Kashmir woes — its culture, its genesis, its causes — a syncretic past

Barun Ray
10 min readJul 16, 2022

I walk a lonely road

The only one that I have ever known

Don’t know where it goes

But it’s home to me, and I walk alone

I walk this empty street
On the Boulevard of Broken Dreams
Where the city sleeps
And I’m the only one, and I walk alone…..

Green Day

Walk alone, indeed! Perhaps this soulful song by Green Day sums up the plight of most Kashmiris for the last two centuries. They walk a lonely walk, lonelier than anyone elses’.

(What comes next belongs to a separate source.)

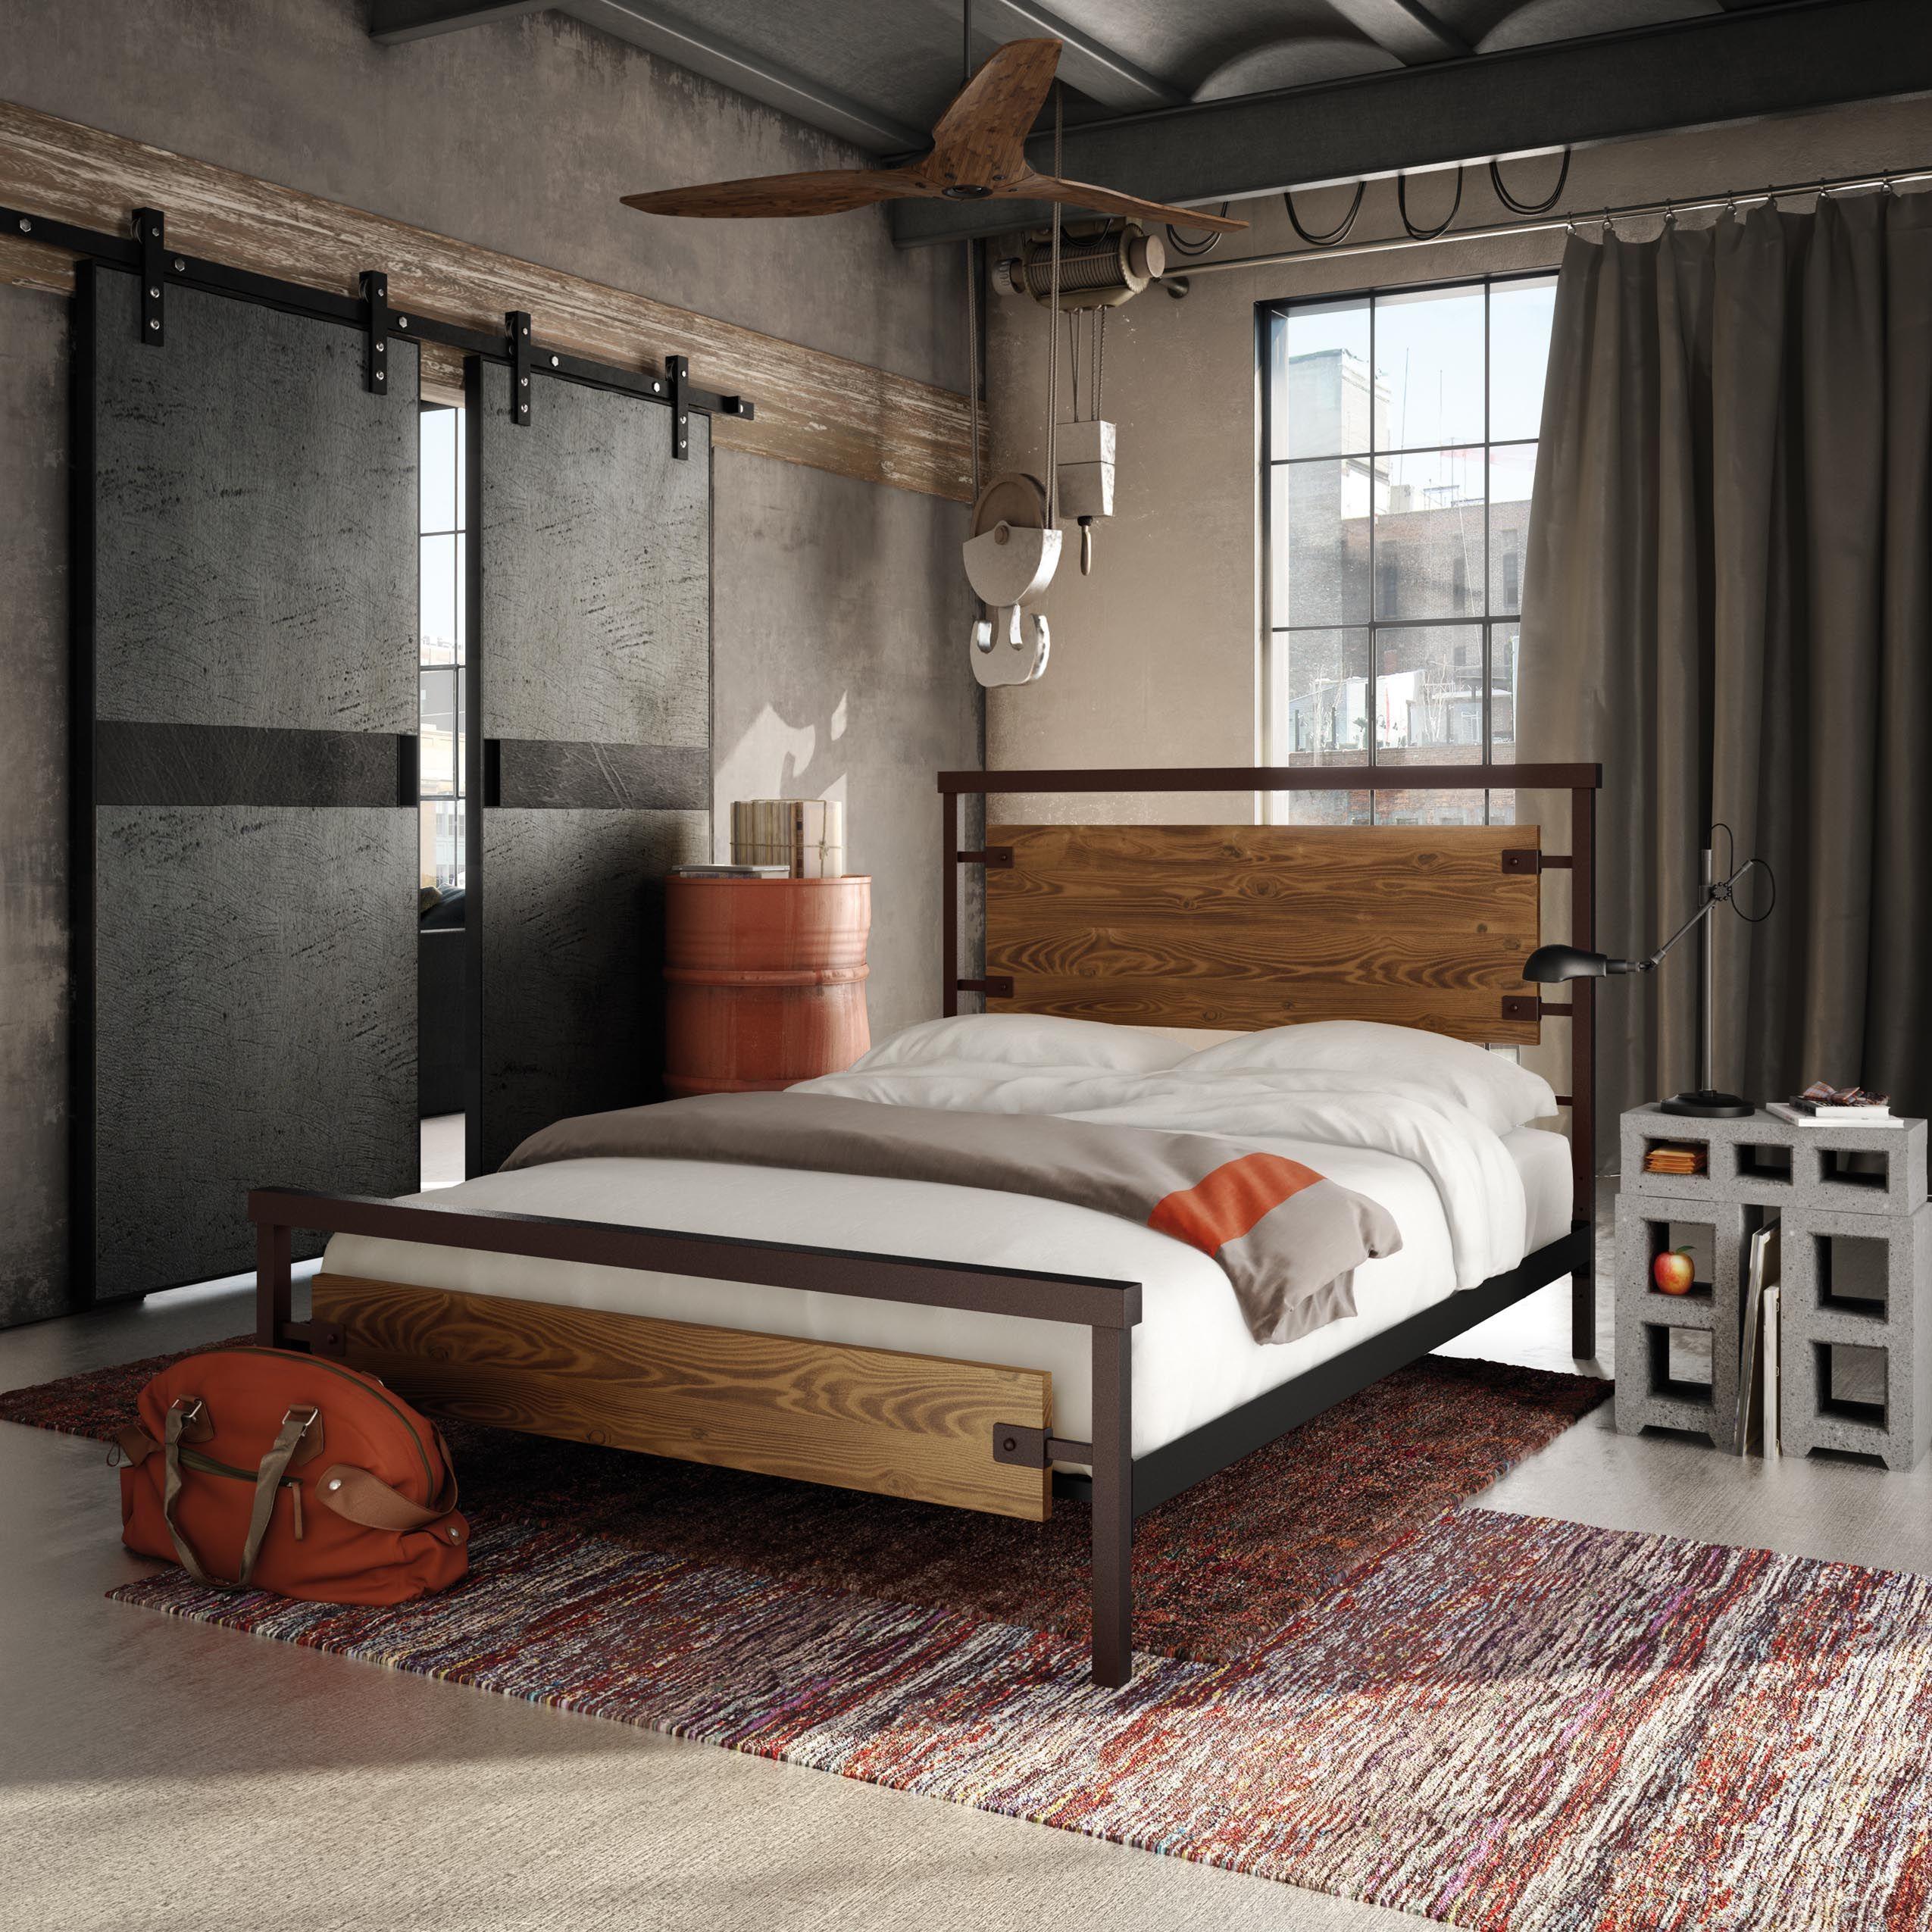 AMISCO - Factory Bed (12389) - Furniture - Bedroom - Industrial ...

Formation of a unique religious identity in Jammu and Kashmir that set them apart from others

Religion and culture are intertwined, though they are independent of each other. These two different ingredients, when connected, make a unique blend. This unique blend has made me — a non-practicing Hindu and Bengali — different from, say, a Keralite Hindu or a Hindu from Gujarat. We might be Hindu in our religious beliefs, but our culture has made us different in practicing our religion.

This fact, though axiomatic true, we tend to forget readily. It is the same with most other religions that people spread across the world practice, be it Christianity, Islam, or any world’s religion.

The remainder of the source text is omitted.